Tuesday 24 February 2015

Farinelli and the King

by Claire van Kampen

seen at the Sam Wanamaker Playhouse 23 February 2015

This new play stars Mark Rylance as King Philip V of Spain and Sam Crane as the castrato Farinelli, with his arias sung by Iestyn Davies (sung in some performances by William Purefoy). King Philip suffered from what may have been deep depression, but this was much alleviated by the singing of Farinelli, who relinquished a glittering public career to become part of the king's household. Even after the king's death he did not resume singing in public.

Mark Rylance gives a consummate performance as the troubled king. The intimate setting of the playhouse gives him the chance to be quietly desperate, almost conversational, so that his occasional outbursts of anger and violence are the more shocking. We seem to be eavesdropping on a very private torment.

Sam Crane portrays Farinelli as a sympathetic character - it is the appeal to his good nature which prompts him first to visit and ultimately to stay with the Spanish royal family - and the use of both an actor and a singer for the part is well managed (the singer only appears when required, usually dressed identically to the actor), providing a nice underlining of the difference between the person and the performer. Iestyn Davies sings the arias with a beautiful clarity and control, exquisitely suitable to the space of the theatre.

The king, the singer and the location are the reasons for seeing this play, which in itself is not a great work. With one representative courtier and one sympathetic doctor (whose own risky situation is glanced at but not developed) there is little scope to investigate the political repercussions of the king's illness; most of the interest lies in the personal anguish so well revealed by Mark Rylance. Because the interest of the play lies in the therapeutic influence of Farinelli's singing his character is barely revealed beyond Metastasio's account of him to the queen and the first interview between him and the king. The arias, though ravishing to listen to, are set pieces whose possible relevance to the matter in hand is masked by their being in Italian. (There is no indication in the program of their provenance.)
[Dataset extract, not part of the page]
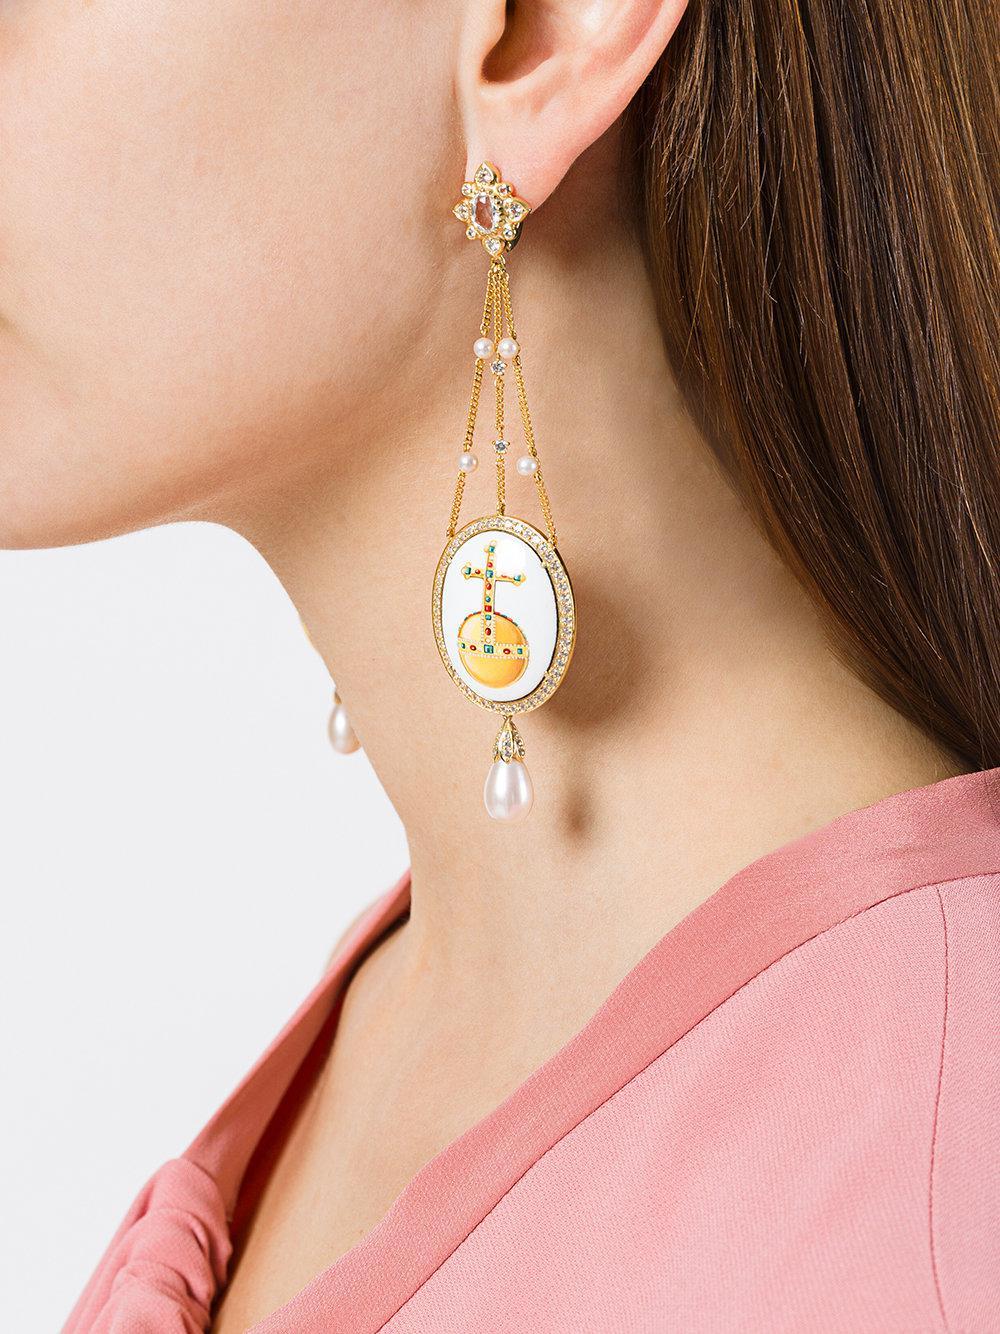 Axenoff Jewellery crown & sovereigns orb drop earrings - Metallic wuZBFN

The queen is represented as loyal but baffled; again the political dimension is downplayed in favour of the domestic drama (she was effectively a regent on many occasions). She also has an implausible penchant for criss-crossing Europe so as to have heard Farinelli in London and to have met Metastasio in Vienna without his knowing who she was. This is silly comedy at Metastasio's expense; not even minor royalty in the eighteenth century would be paying calls incognito with address cards to hand 'in case you change your mind'; the Spanish queen is even less likely to have done so. (In fact Farinelli was summoned to Madrid from London via diplomatic channels.) Her description of her response to Farinelli's singing is pedestrian, as many attempts to eulogise musical genius via 'audience reaction' so often are. 

The use of Metastasio as narrator towards the end to bridge the gap between the main action of the play in the 1730's and Farinelli's reclusive later life is just so much potted biography rather than true drama. The final scene, in which Farinelli is cajoled into singing as payment for a coat, provides a superlative rendition of the aria 'Lascia ch'io pangia' - but the situation is sentimental and the aria was not written for a castrato singer. Using Mark Rylance to play the tailor is a peculiar move, rendering the situation even more unreal. The poignant gesture of the singer Farinelli for the only time touching the actor Farinelli is a marvellous recognition of transience and farewell, but the set-up is contrived.

The fuller ramifications of a king's madness have been better treated in Alan Bennett's 'The Madness of George III' while the impact of a brilliant musician has been more persuasively imagined in Peter Shaeffer's 'Amadeus', where Salieri's reaction to Mozart is informed by his own musical expertise and by his appalled sense of betrayal and jealousy. This play is more obviously a vehicle for its stars. This is no bad thing considering the brilliance of Mark Rylance's acting and Iestyn Davies' singing; but too much is only sketched about the central radiance, and dramatic license is too liberally applied at the expense of historical likelihood.